What if we wanted to have total breakdowns for student, student plus subject, and overall average? We could revise our query to add a universal grouping set GROUPING SETS ((student),(student, subject),()). This is equivalent to the shorthand ROLLUP (student, subject). See Example 7-45.

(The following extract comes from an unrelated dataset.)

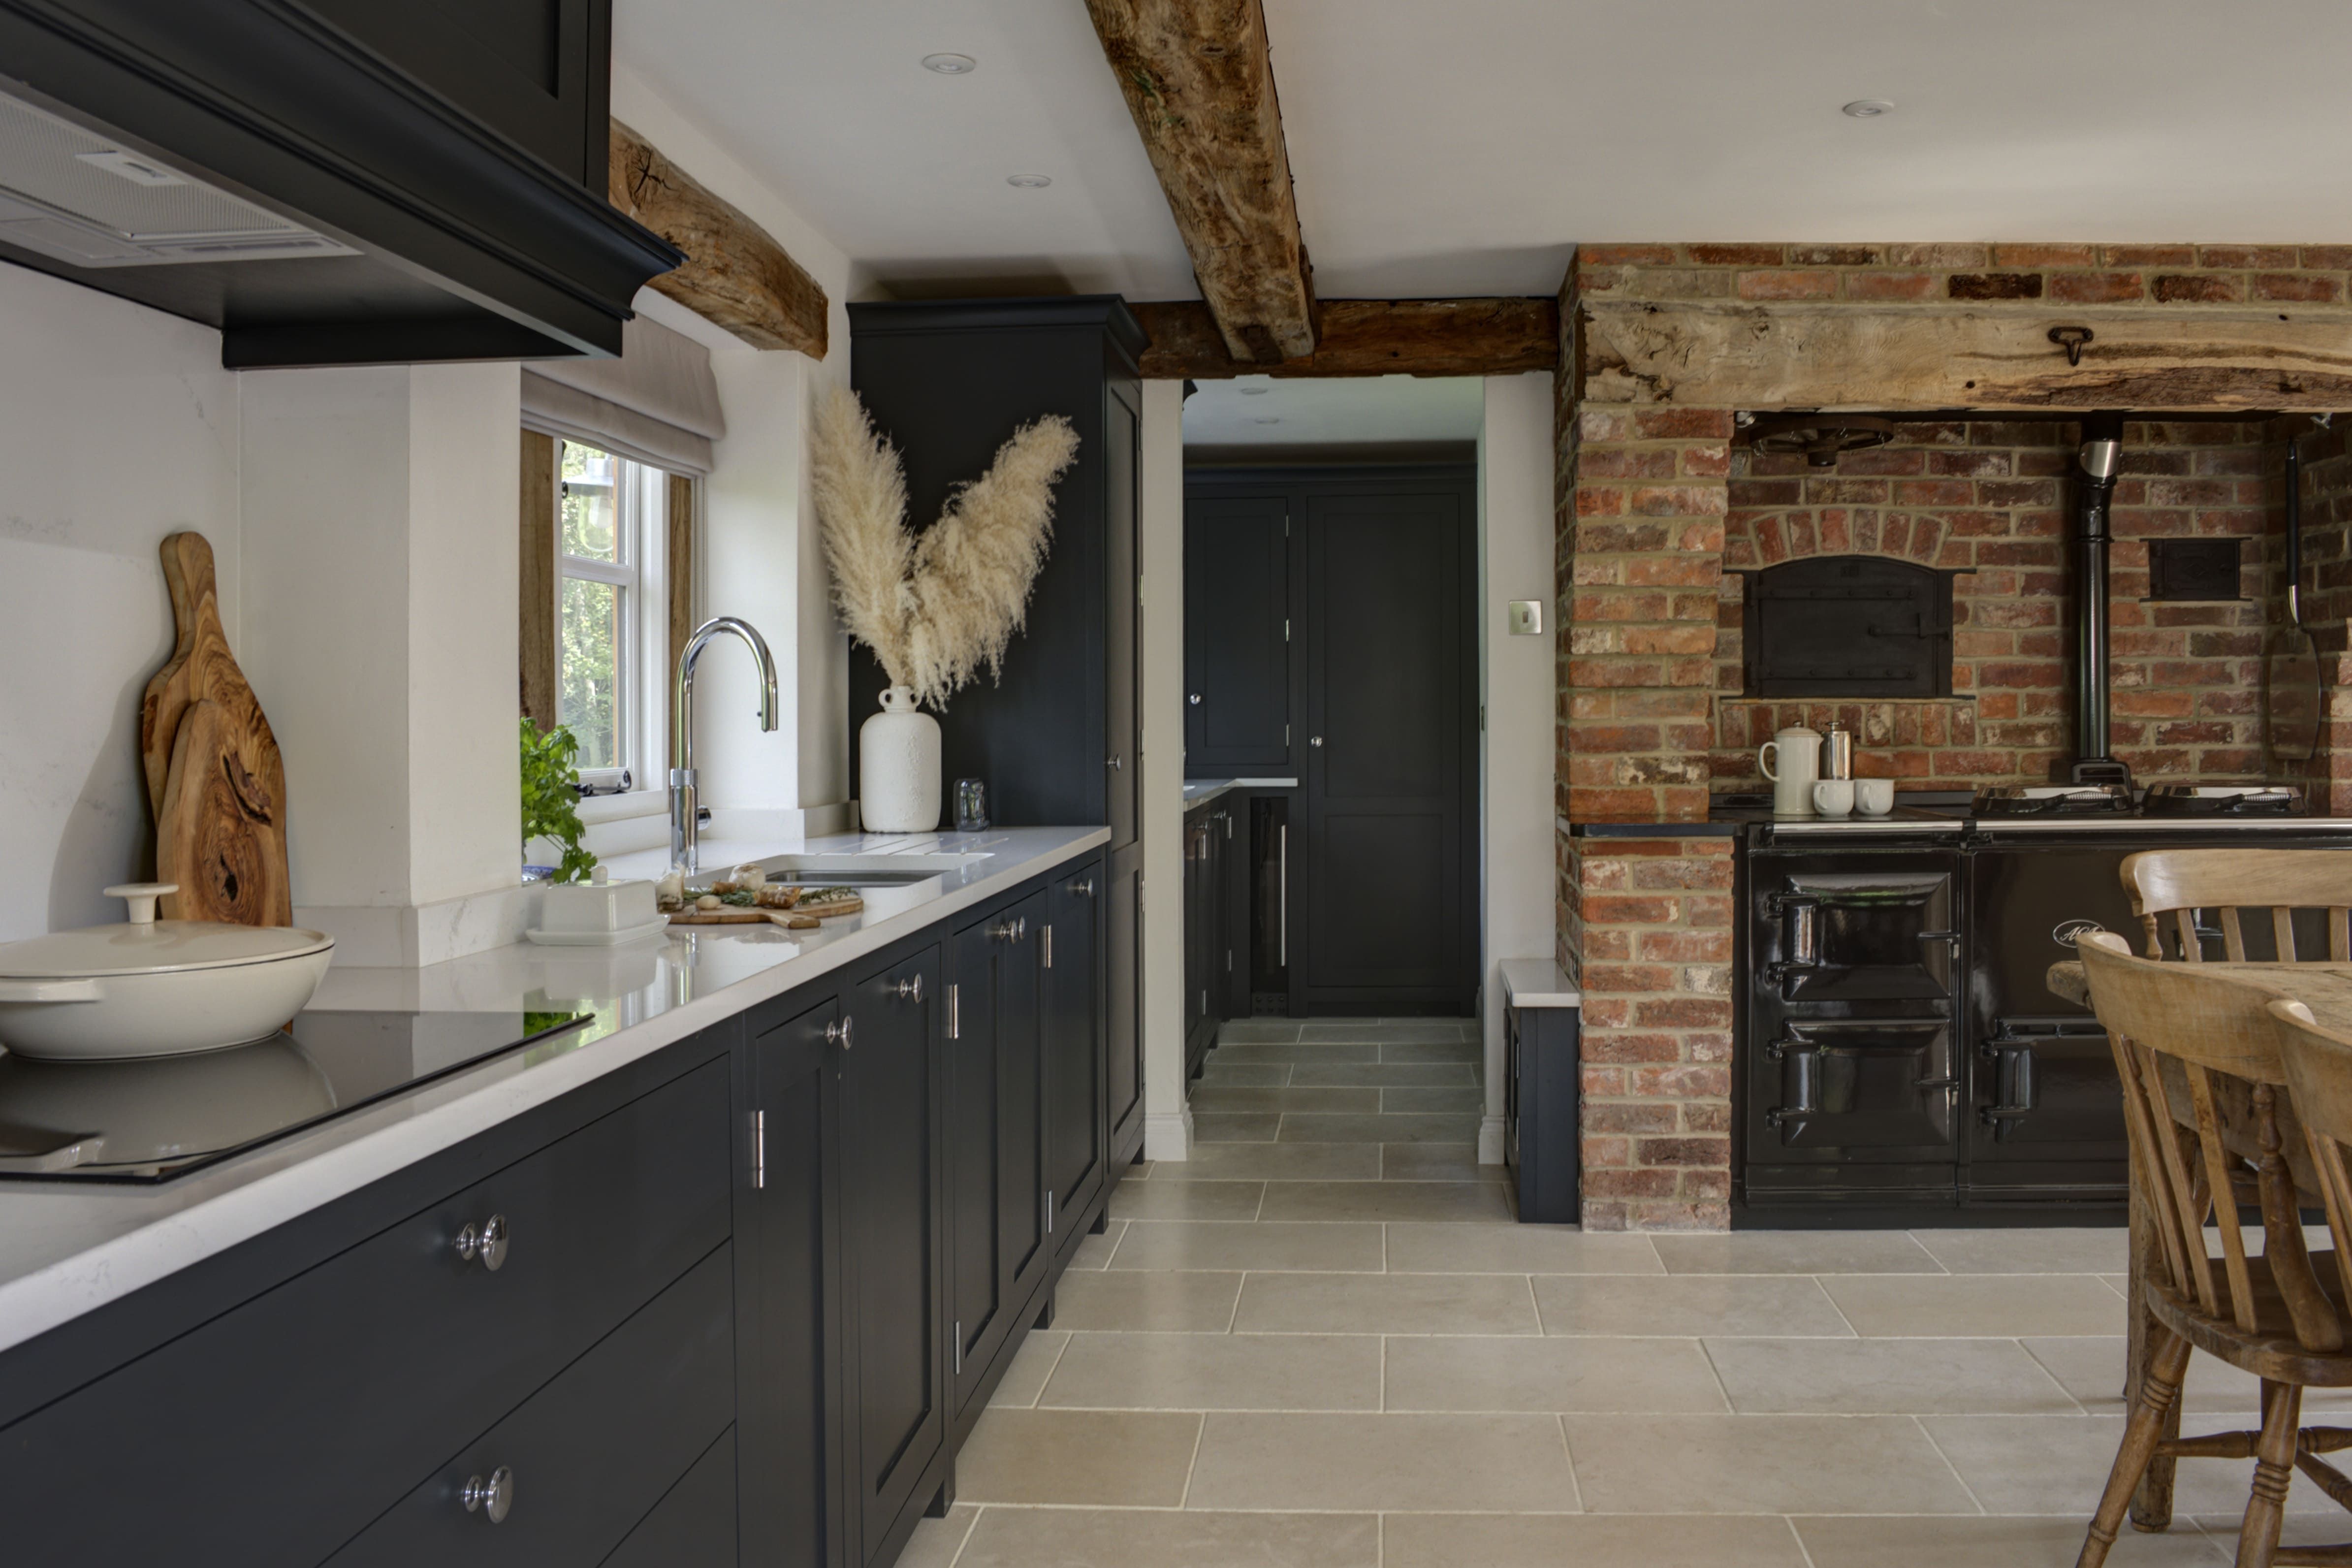 a rustic interior, with exposed oak beams and brick walls is contrasted by a dark blue, bespoke shaker kitchen with with counter tops.

Example 7-45. Avg score for each student in subject, student, and overall

SELECT student, subject, AVG(score)::numeric(10,2)
FROM test_scores
WHERE student IN ('leo','regina')
GROUP BY ROLLUP (student,subject)
ORDER BY student NULLS LAST, subject NULLS LAST;

 student |  subject  |  avg
---------+-----------+-------
 leo     | algebra   | 82.00
 leo     | calculus  | 65.50
 leo     | chemistry | 75.50
 leo     | physics   | 72.00
 leo     | NULL      | 73.75
 regina  | algebra   | 72.50
 regina  | calculus  | 64.50
 regina  | chemistry | 73.50
 regina  | economics | 90.00
 regina  | physics   | 84.00
 regina  | NULL      | 75.44
 NULL    | NULL      | 74.65
(12 rows)

If we reverse the order of columns in ROLLUP, we get the score for each student/subject pair, average for each subject, and overall average as shown in Example 7-46.

Example 7-46. Avg score for each student in subject, subject, and overall

SELECT student, subject, AVG(score)::numeric(10,2)
FROM test_scores
WHERE student IN ('leo','regina')
GROUP BY ROLLUP (subject,student)
ORDER BY student NULLS LAST, subject NULLS LAST;

 student |  subject  |  avg
---------+-----------+-------
 leo     | algebra   | 82.00
 leo     | calculus  | 65.50
 leo     | chemistry | 75.50
 leo     | physics   | 72.00
 regina  | algebra   | 72.50
 regina  | calculus  | 64.50
 regina  | chemistry | 73.50
 regina  | economics | 90.00
 regina  | physics   | 84.00
 NULL    | algebra   | 77.25
 NULL    | calculus  | 65.00
 NULL    | chemistry | 74.50
 NULL    | economics | 90.00
 NULL    | physics   | 78.00
 NULL    | NULL      | 74.65
(15 rows)

If we also wanted to include subtotals for just the subject and just the student, we’d use GROUPING SETS ( (student), (student, subject), (subject), () ), or the shorthand CUBE (student, subject) in Example 7-47.

Example 7-47. Avg score for each student, student in subject, subject, and overall

SELECT student, subject, AVG(score)::numeric(10,2)
FROM test_scores
WHERE student IN ('leo','regina')
GROUP BY  CUBE (student, subject)
ORDER BY student NULLS LAST, subject NULLS LAST;

 student |  subject  |  avg
---------+-----------+-------
 leo     | algebra   | 82.00
 leo     | calculus  | 65.50
 leo     | chemistry | 75.50
 leo     | physics   | 72.00
 leo     | NULL      | 73.75
 regina  | algebra   | 72.50
 regina  | calculus  | 64.50
 regina  | chemistry | 73.50
 regina  | economics | 90.00
 regina  | physics   | 84.00
 regina  | NULL      | 75.44
 NULL    | algebra   | 77.25
 NULL    | calculus  | 65.00
 NULL    | chemistry | 74.50
 NULL    | economics | 90.00
 NULL    | physics   | 78.00
 NULL    | NULL      | 74.65
(17 rows)